• **Work instruction**:
In this exercise, return the whole listing exactly, excluding any images.

• **Provided data**:

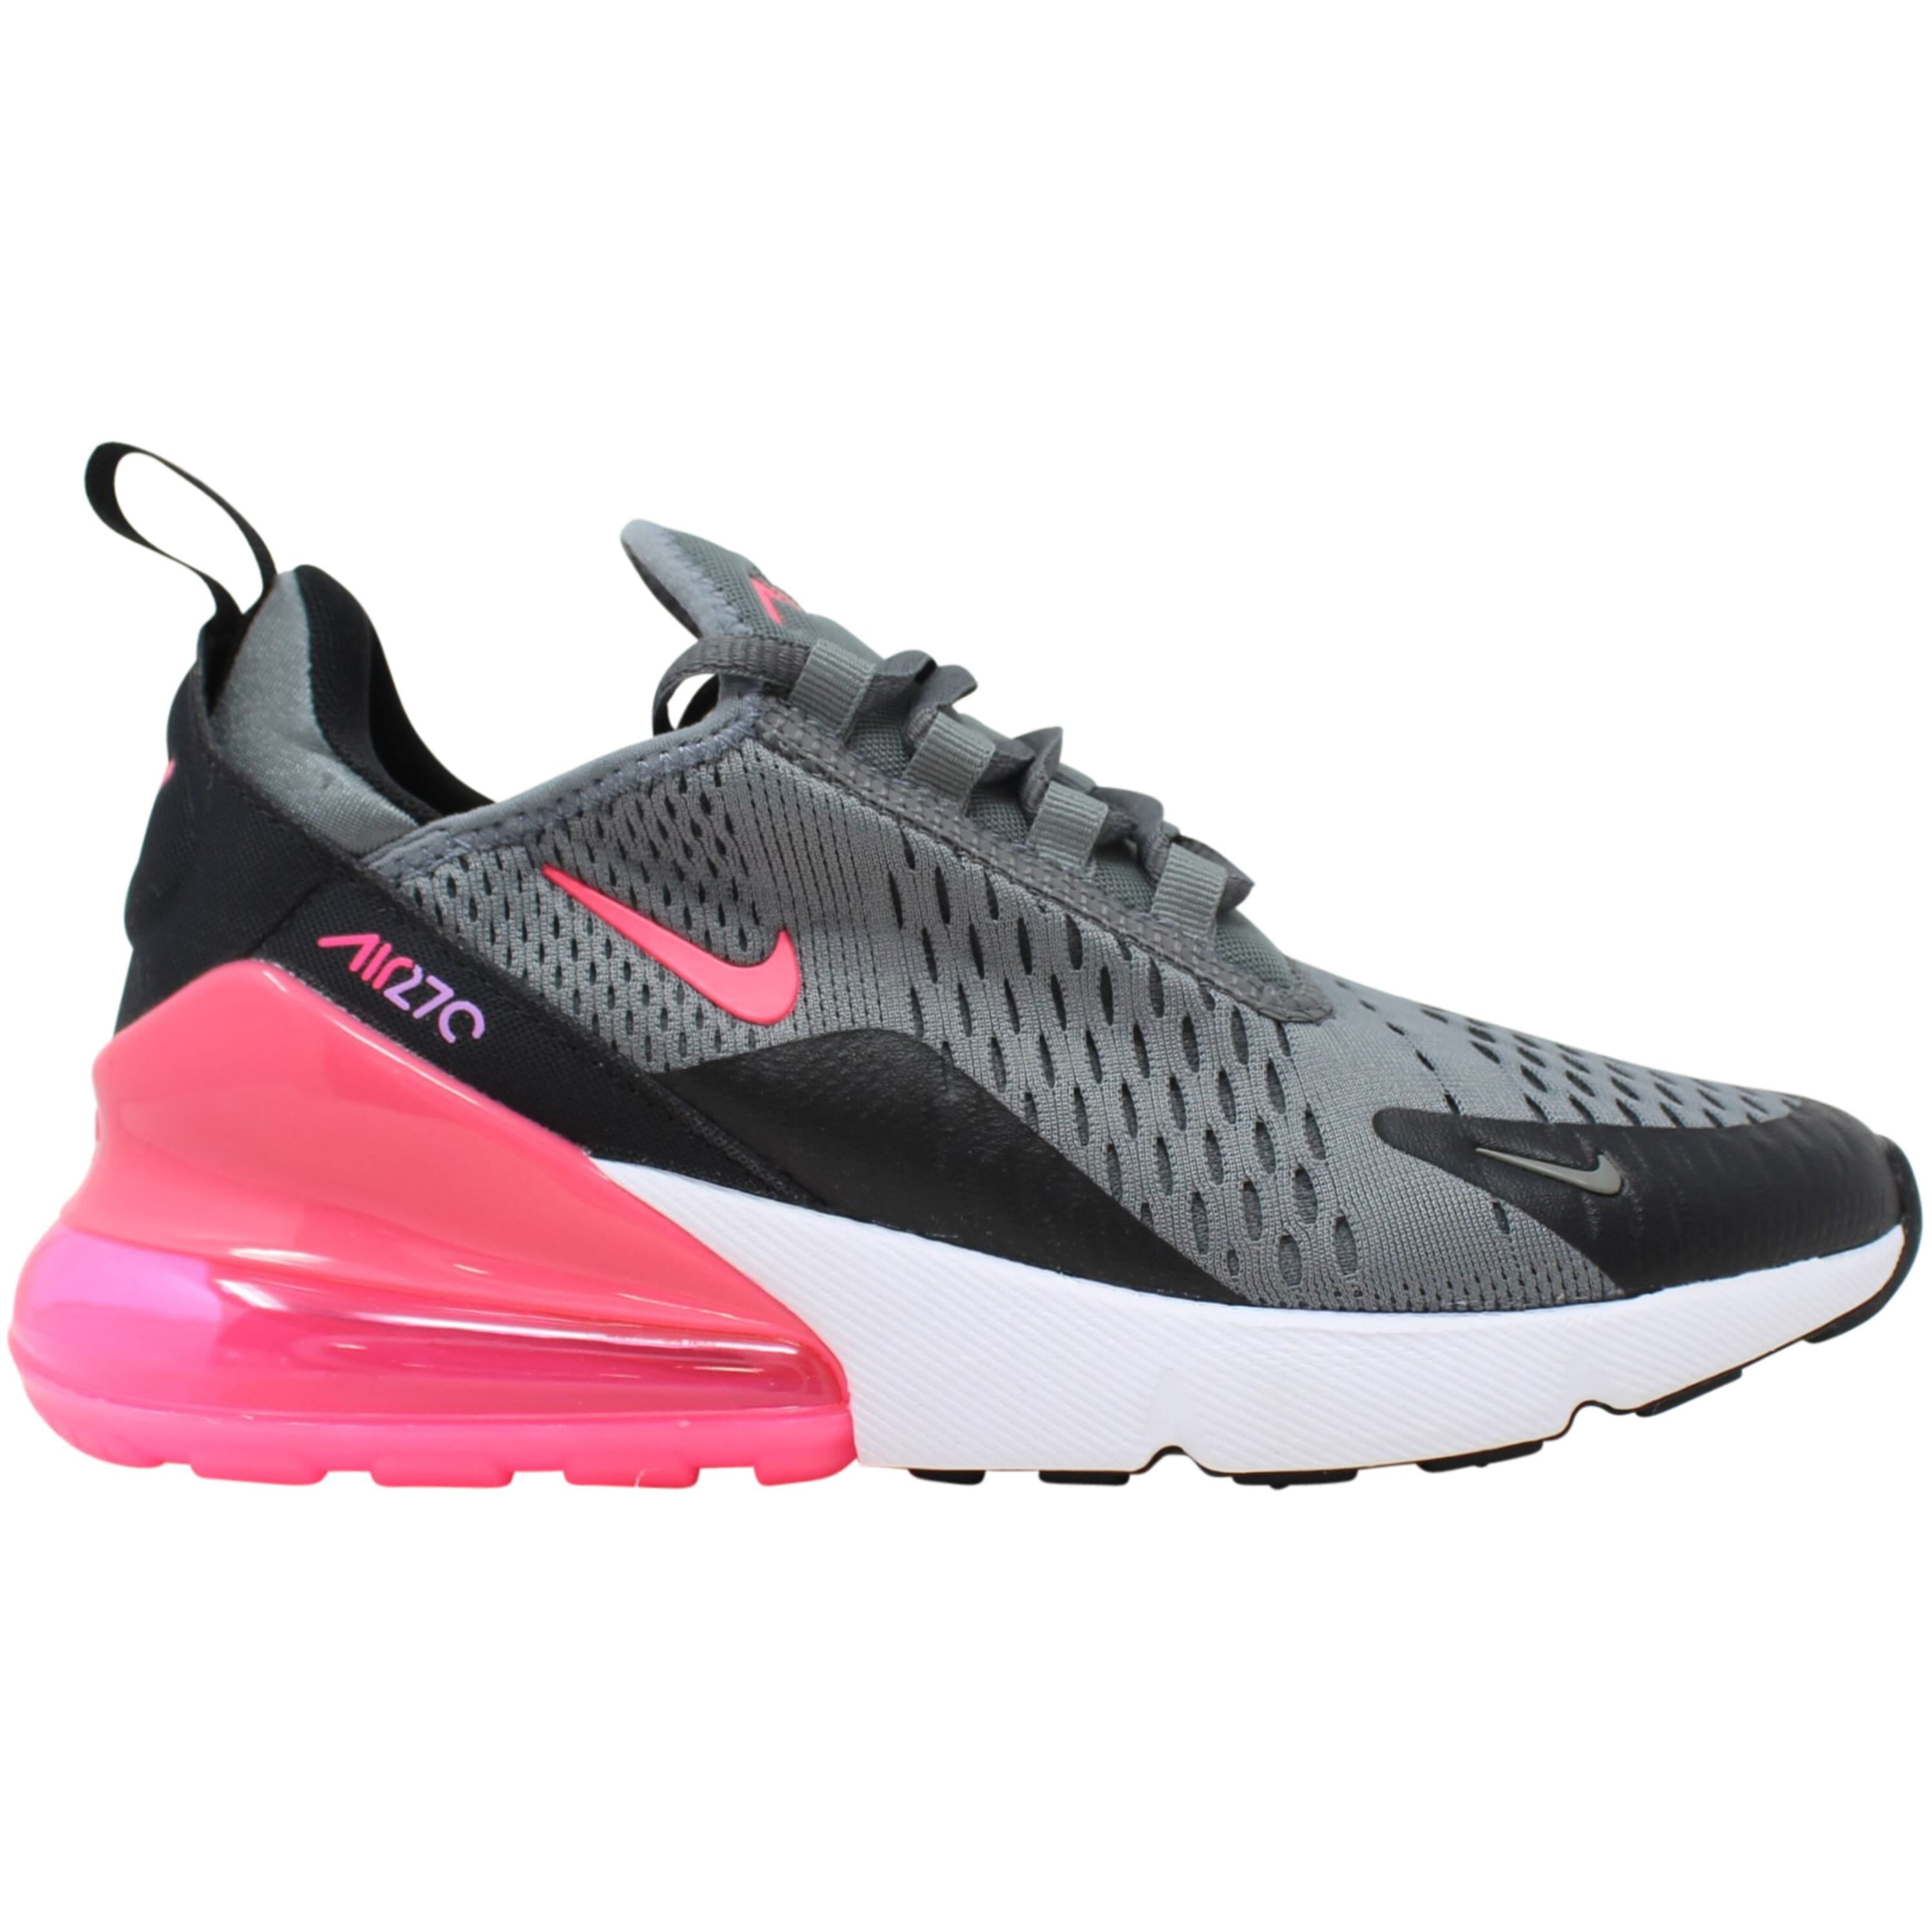 Nike Air Max 270 Smoke Grey/Hyper Pink-Black 943345-031 Grade-School Size 5.5Y Medium -
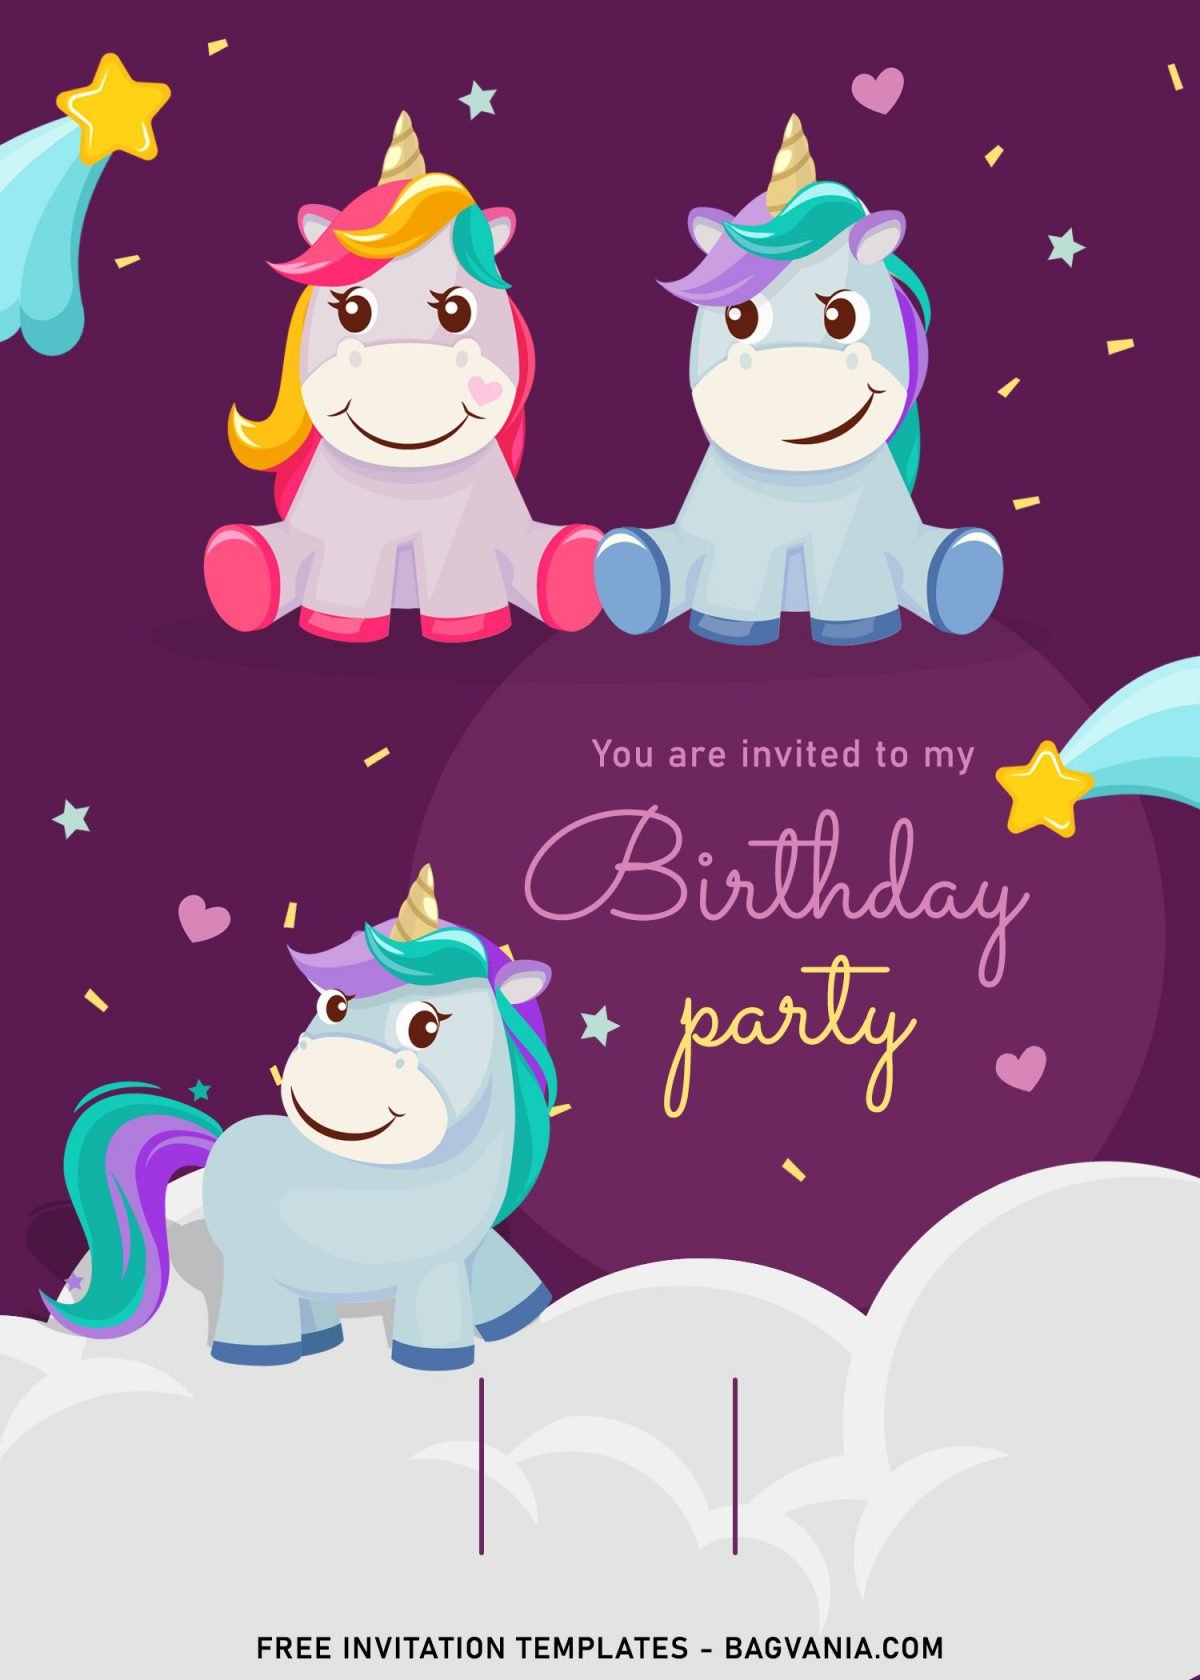 7+ Magical Rainbow Unicorn Birthday Invitation Templates For Kids Birthday Party and has Cute Pastel Rainbow
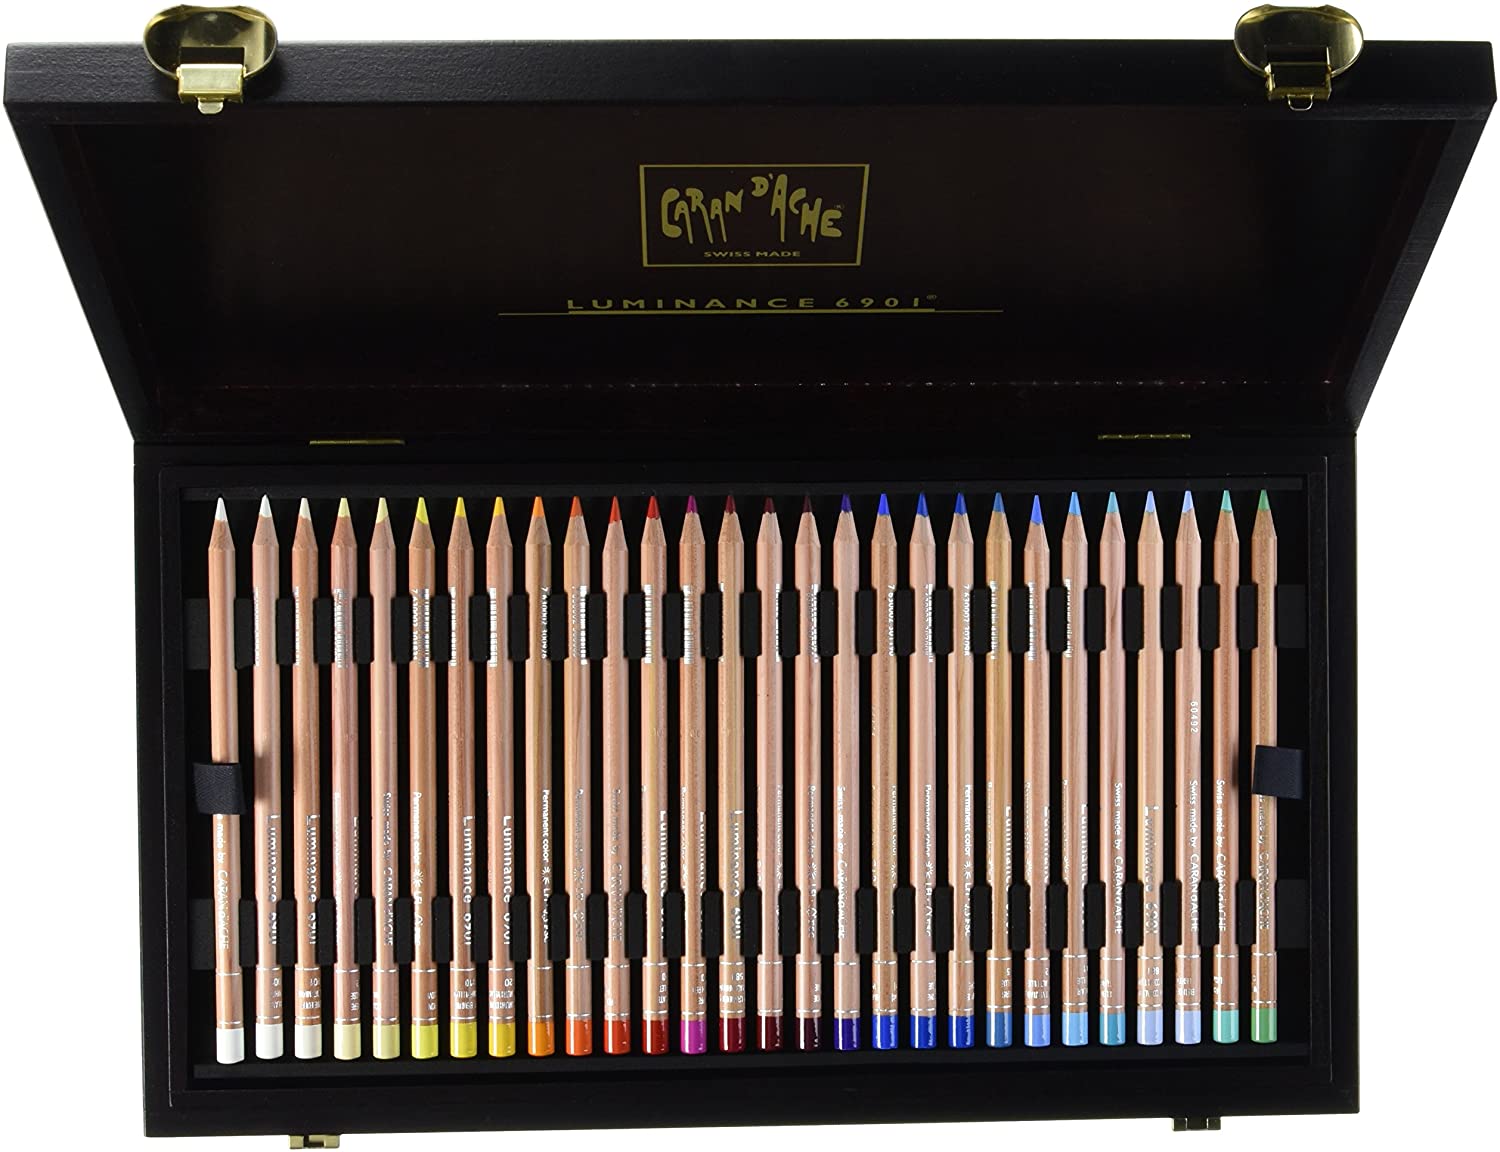 Caran D'ache Luminance Colored Pencils open case

• **Final answer**:
 Nike Air Max 270 Smoke Grey/Hyper Pink-Black 943345-031 Grade-School Size 5.5Y Medium -
 7+ Magical Rainbow Unicorn Birthday Invitation Templates For Kids Birthday Party and has Cute Pastel Rainbow
 Caran D'ache Luminance Colored Pencils open case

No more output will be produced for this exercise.